Legitimate lava beads — including every strand in Dakota's catalog — are cut from real natural basalt. The porous appearance can lead buyers to wonder if they're reconstituted or molded, but the vesicles are the original gas-bubble structure preserved from when the lava cooled. Some very-low-end material in the broader market is molded or reconstituted; that should be disclosed where it applies. Ask before buying if a strand's source isn't specified. -
Are lava beads dyed?
Dakota's active lava inventory is 100% natural black — the intrinsic color of basalt. The broader bead market sells dyed lava in red, white, blue, purple, green, and yellow; those bright colors are dye applied to the porous surface, which absorbs pigment readily. If a lava strand is a color other than black or dark gray, it's dyed. Treatment should be disclosed — ask before buying if it isn't specified. -
How do lava beads work for essential oils?

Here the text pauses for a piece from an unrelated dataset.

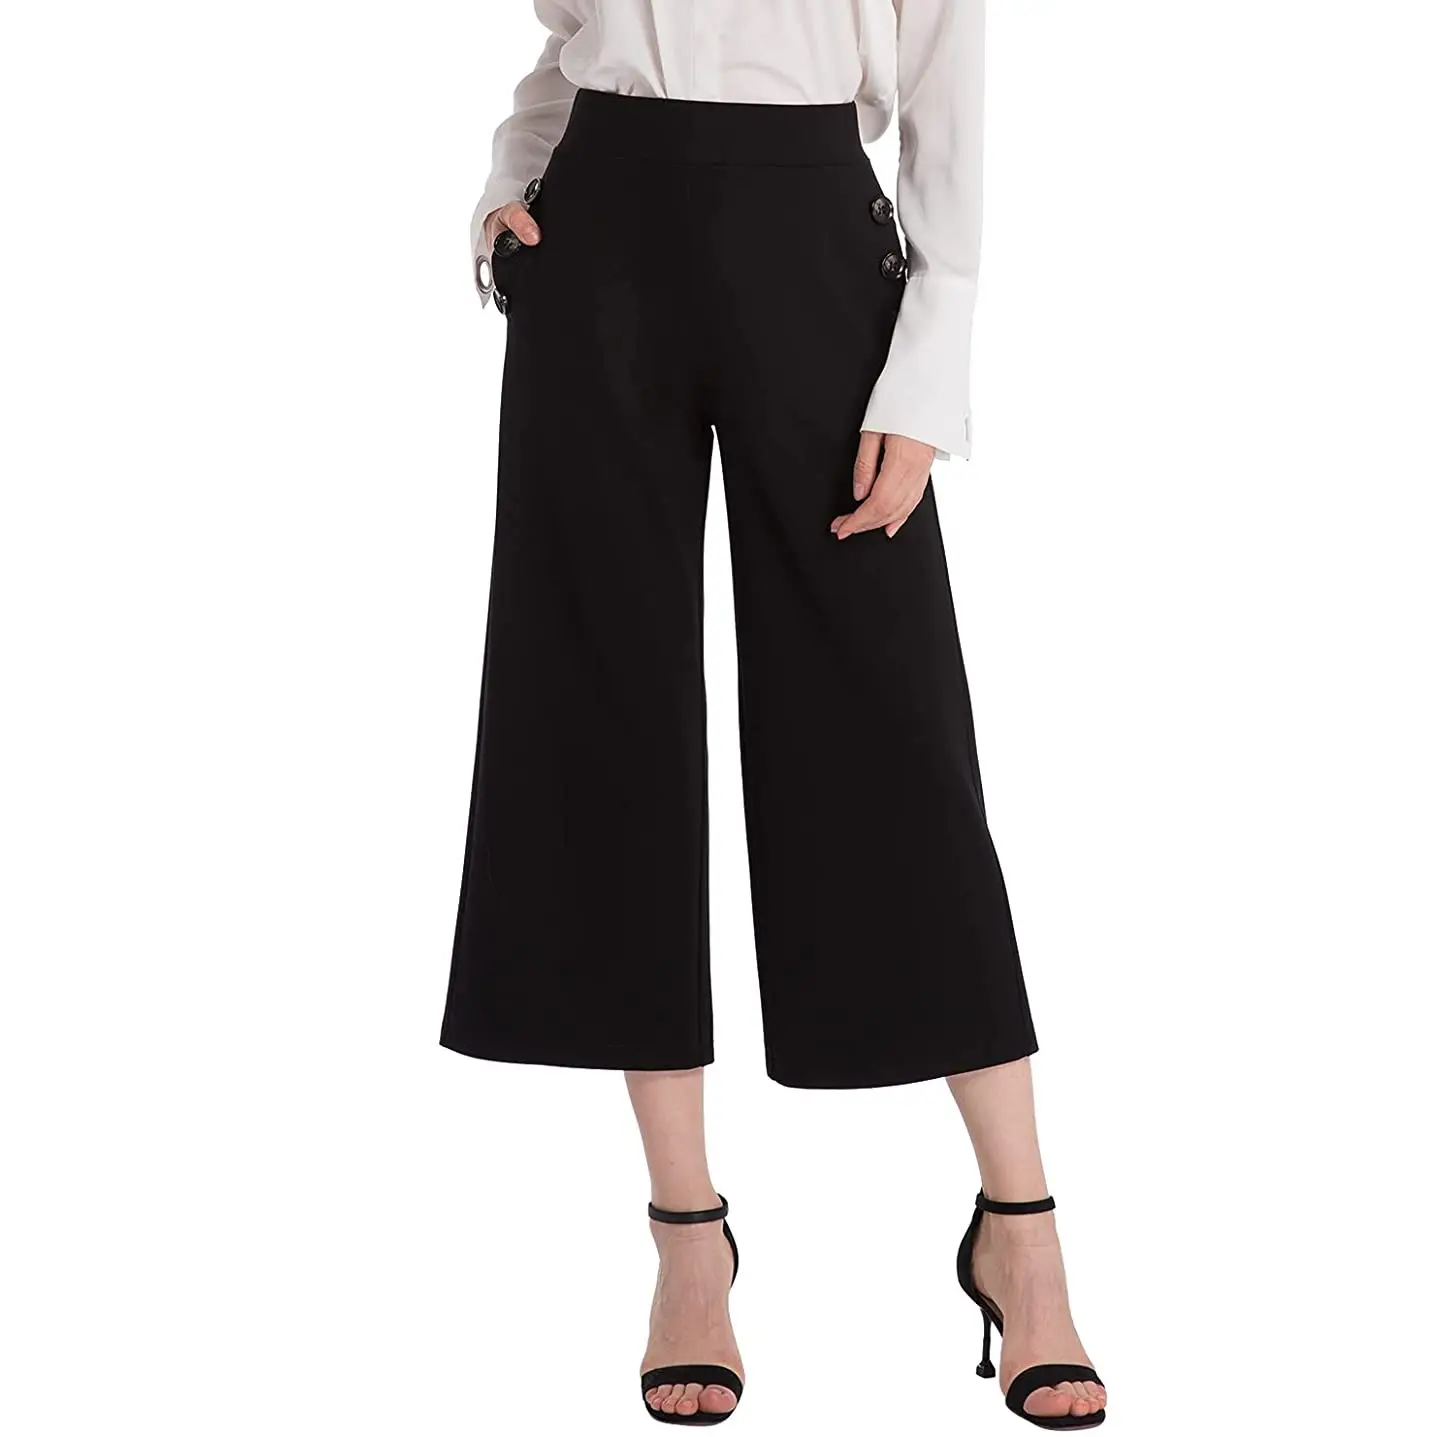 Black Wide Leg Pants with pockets for Female Business Casual Dress Pants Stretch High Waist casual and comfortable women's pants

The porous structure of basalt absorbs liquids — a few drops of essential oil applied directly to a lava bead soak into the vesicles and release scent slowly over hours. Apply oil sparingly to the bead itself (not over skin or clothing); reapply when the scent fades. The bead doesn't change appearance from oil use, and the porosity recharges as oil evaporates. This is the basis of "diffuser bracelets" — designers building for that customer use lava beads as the functional scent carrier alongside smooth gemstone spacers. -
How durable are lava beads compared to other gemstones?
Less durable than most. Basalt is roughly Mohs 3 to 3.5 — significantly softer than chalcedony-family stones (agate, jasper, onyx at Mohs 6.5–7), and the vesicular surface makes individual beads more fragile than the mineralogy alone suggests. Beads can chip at the rim of pores under impact, and lava will not take a polish the way harder stones do. Avoid ultrasonics, aggressive solvents, and repeated impact against harder beads on the same strand. Clean with a soft cloth and minimal water.